An "indemnity" policy pays you a percentage of your money directly to you – once you qualify on two activities of daily living out of five. Those being feeding yourself, toileting, dressing, continence, and transference (getting in and out of chairs, cars, etc. without assistance.) Or two auto-qualifiers – a doctor diagnosis of Alzheimer's or Dementia.

For those who want to go a nursing home for care, the reimbursement policy is for you. For those of you who want to stay at home, the indemnity policy pays the money directly to you and you can pay to get your home care ready.
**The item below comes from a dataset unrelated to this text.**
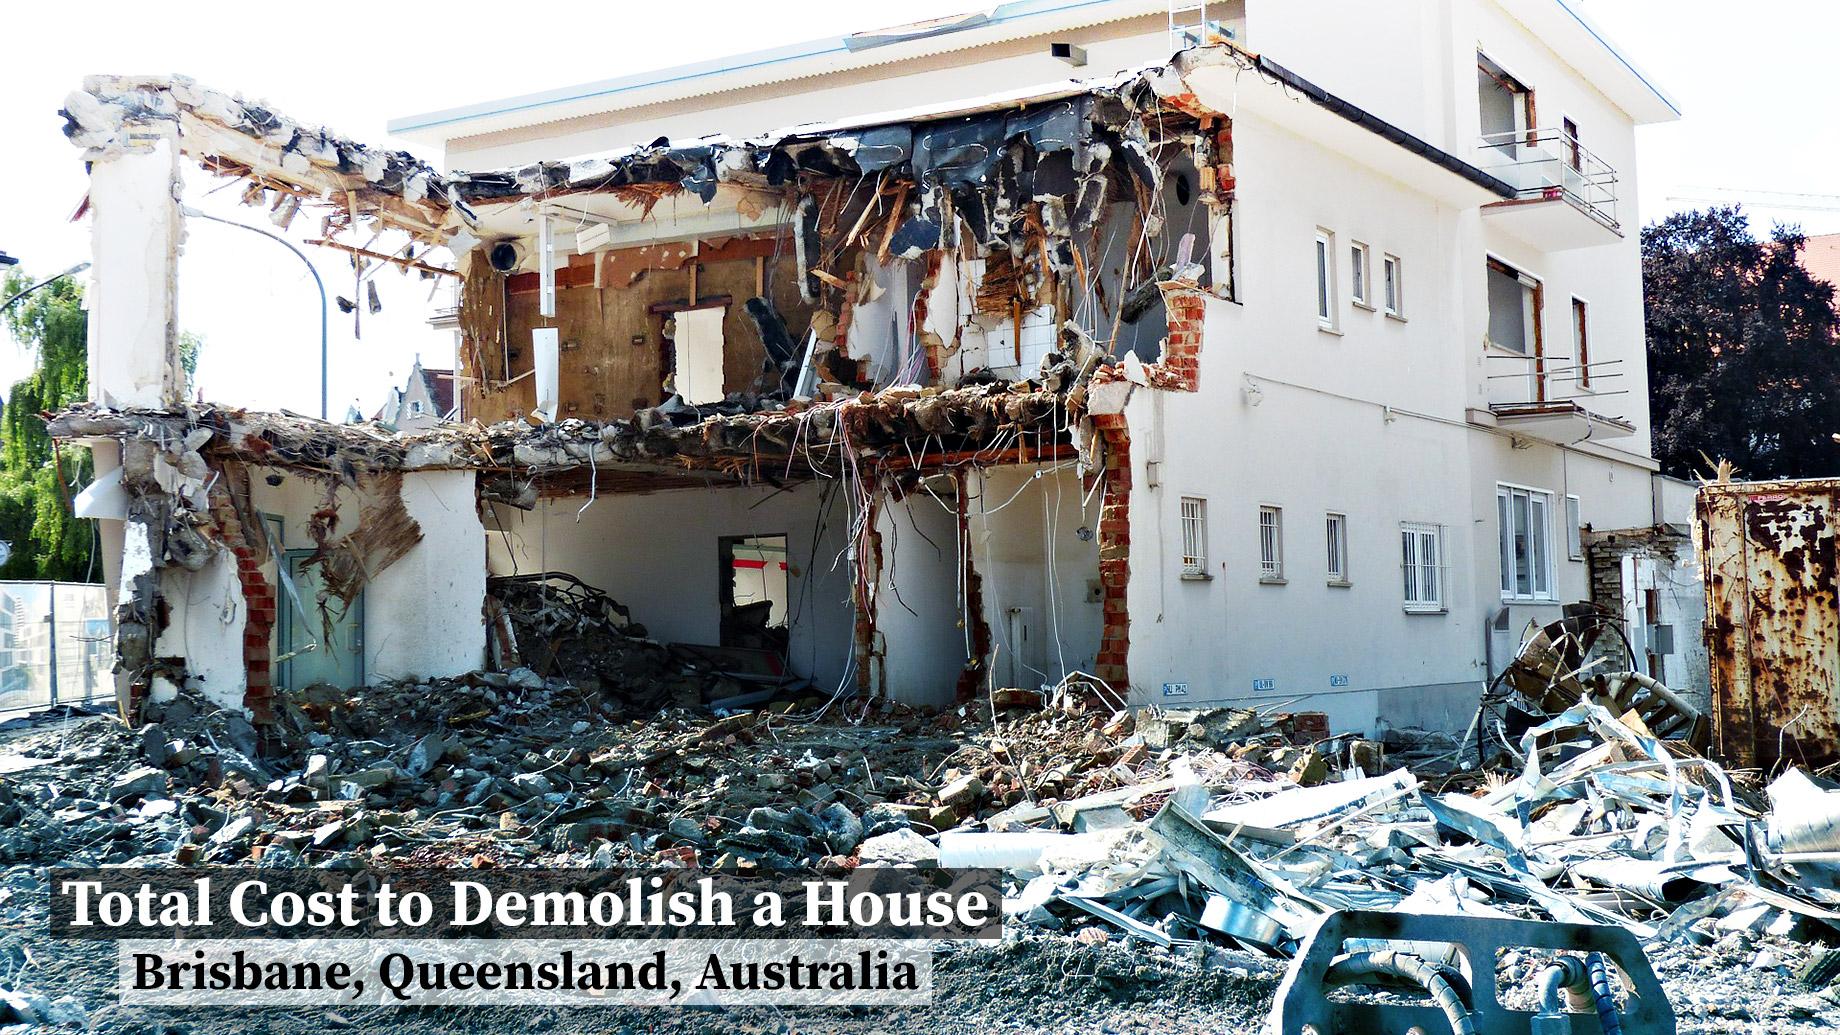 Total Cost to Demolish a House in Brisbane, Queensland, Australia

If you need to add on a main floor bedroom or bathroom so you can stay at home, you can do whatever you like.

A "reimbursement" and a "indemnity" policy together could be considered a very complimentary method of planning for care. The indemnity policy will keep you home longer but if your needs progress your reimbursement policy can kick in and pay for institutional care.

If you have an indemnity policy, you do not have to pay taxes up to $363 per day for receiving this benefit for long-term care. This is not a deduction.

Therefore, if you paid for care out of your own pocket, you would have to pay taxes on the IRA withdrawals and then use the standard deductions over seven percent of your income. Again, this deduction phases out with high income.

So, no, you can't just withdraw this amount from your IRA and have it be deductible to you. Only if you receive an indemnity rider benefit is this amount non-taxable.

Again, virtually anyone can qualify for this program.